CIA used Red Hot Chili Peppers songs to ‘torture’ terror suspects

DM
Washington-The contents of a leaked classified report which lists interrogation methods used by the CIA has revealed that Red Hot Chili Peppers’ songs were played to terrorism suspects in a bid to extract information.
Two officials from the Senate Intelligence Committee have leaked the details of the classified report which allegedly shows that terrorism targets were secretly held and interrogated at Guantanamo Bay’s Camp Echo. The suspects at Camp Echo before being flown to Morocco and then back to Guantanamo.
A former interrogator told the Qatari broadcaster that the music used was songs by the Red Hot Chili Peppers. Hits by the band include Californication and Can’t Stop.
Songs By the Way and Can’t Stop were both released in 2002 - the year Abu Zubayadah alleges he was held.

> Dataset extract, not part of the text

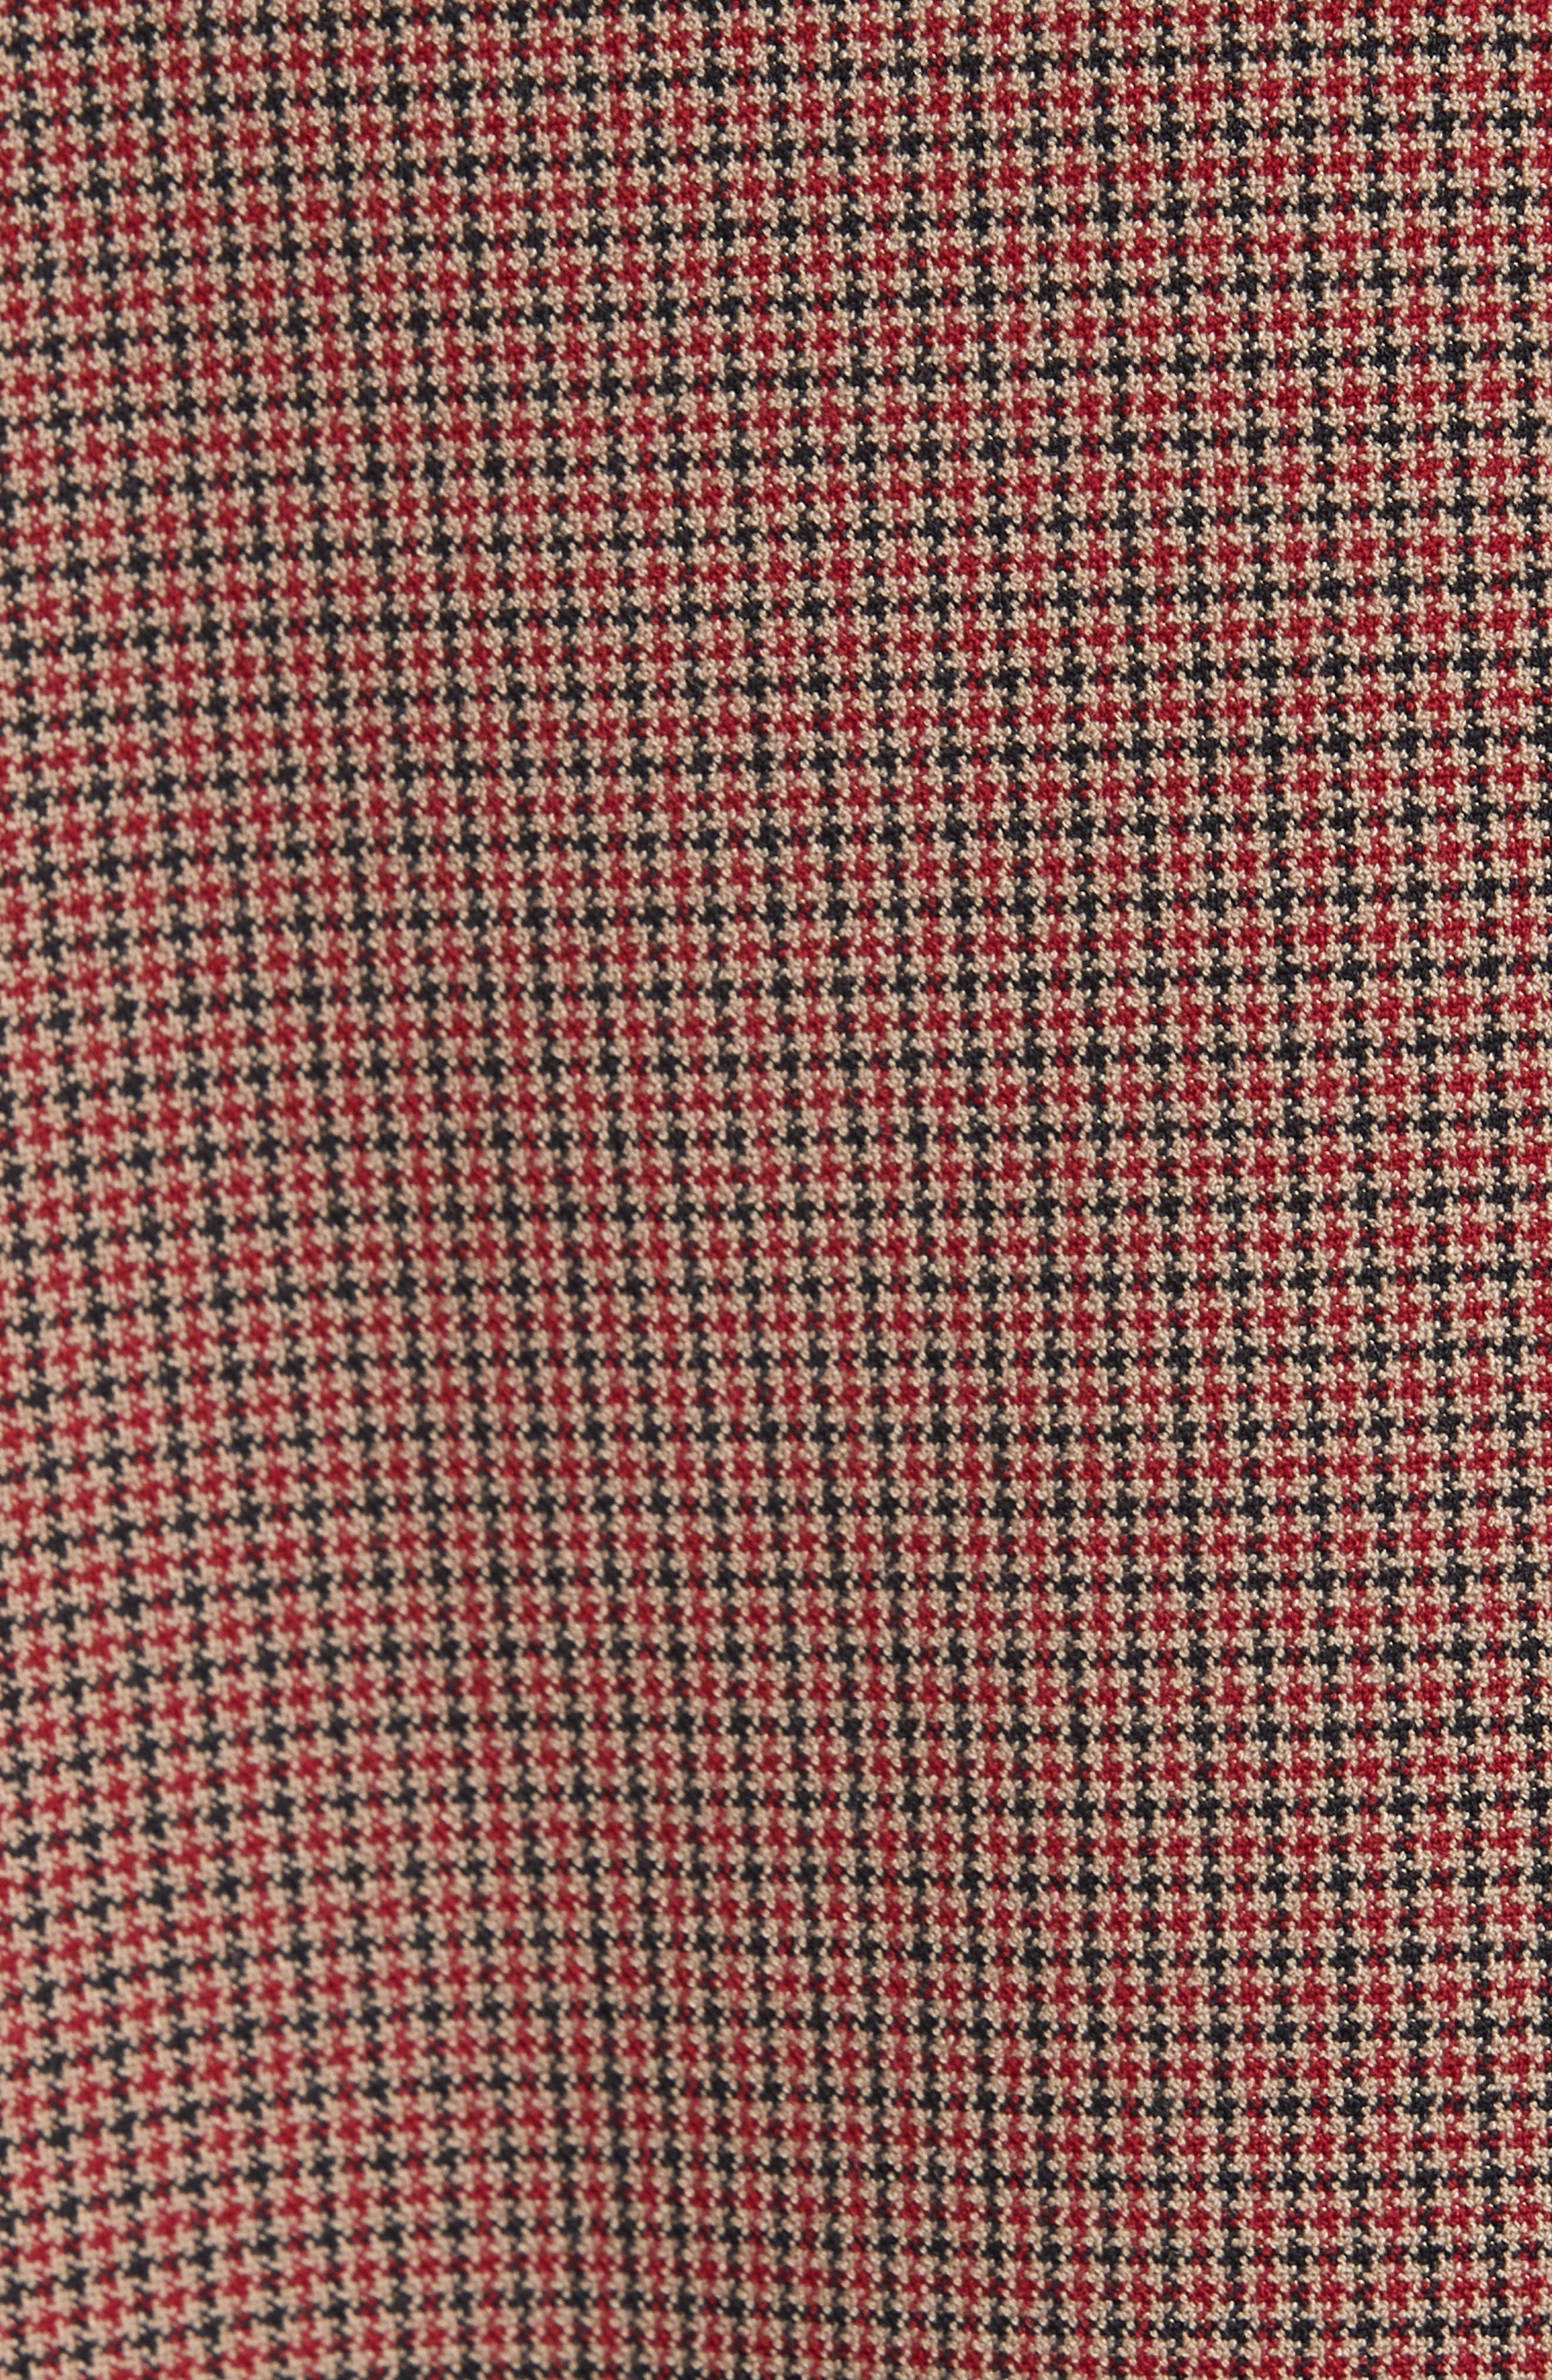 Joliviena Check Suit Jacket,                             Alternate thumbnail 6, color,                             DARK RED CHECK

Suspects were also held at other ‘black sites’ including on US military base Diego Garcia island in the Indian Ocean as well as an alleged site in Poland.
The sources, who spoke on condition of anonymity, told Al Jazeera that the methods, known as survival evasion resistance escape techniques (SERE), were an imitation of communist regime torture methods.
Techniques used included: sleep, food, water and medical deprivation as well as a ‘use of threats’.
The process aims to weaken the person’s ability to resist interrogation.
The SERE programme states that by isolating the captive, the person develops a ‘dependency’ on the interrogator. Violence was allegedly also used. But according to the sources, one man was subjected to all 10 interrogation techniques identified in an August 2002 Justice Department memo.
Zain Abidin Mohammed Husain Abu Zubaydah, the officials allede, was subjected to methods which went further than the prescribed guidelines.
Examples include keeping Abu Zubaydah awake for longer than the recommended 11 days and pouring cold water on his naked body to prevent him from sleeping. It is alleged that the suspect was then put into a cage used to detain animals at airports, before being subjected to loud music.
One interrogator told Al Jazeera: ‘Interrogators were being pressured - You have to get info from these people.’ Abu Zubayadah’s attorney said that he hoped that the report would back-up his client’s previous claims about the methods used during interrogation.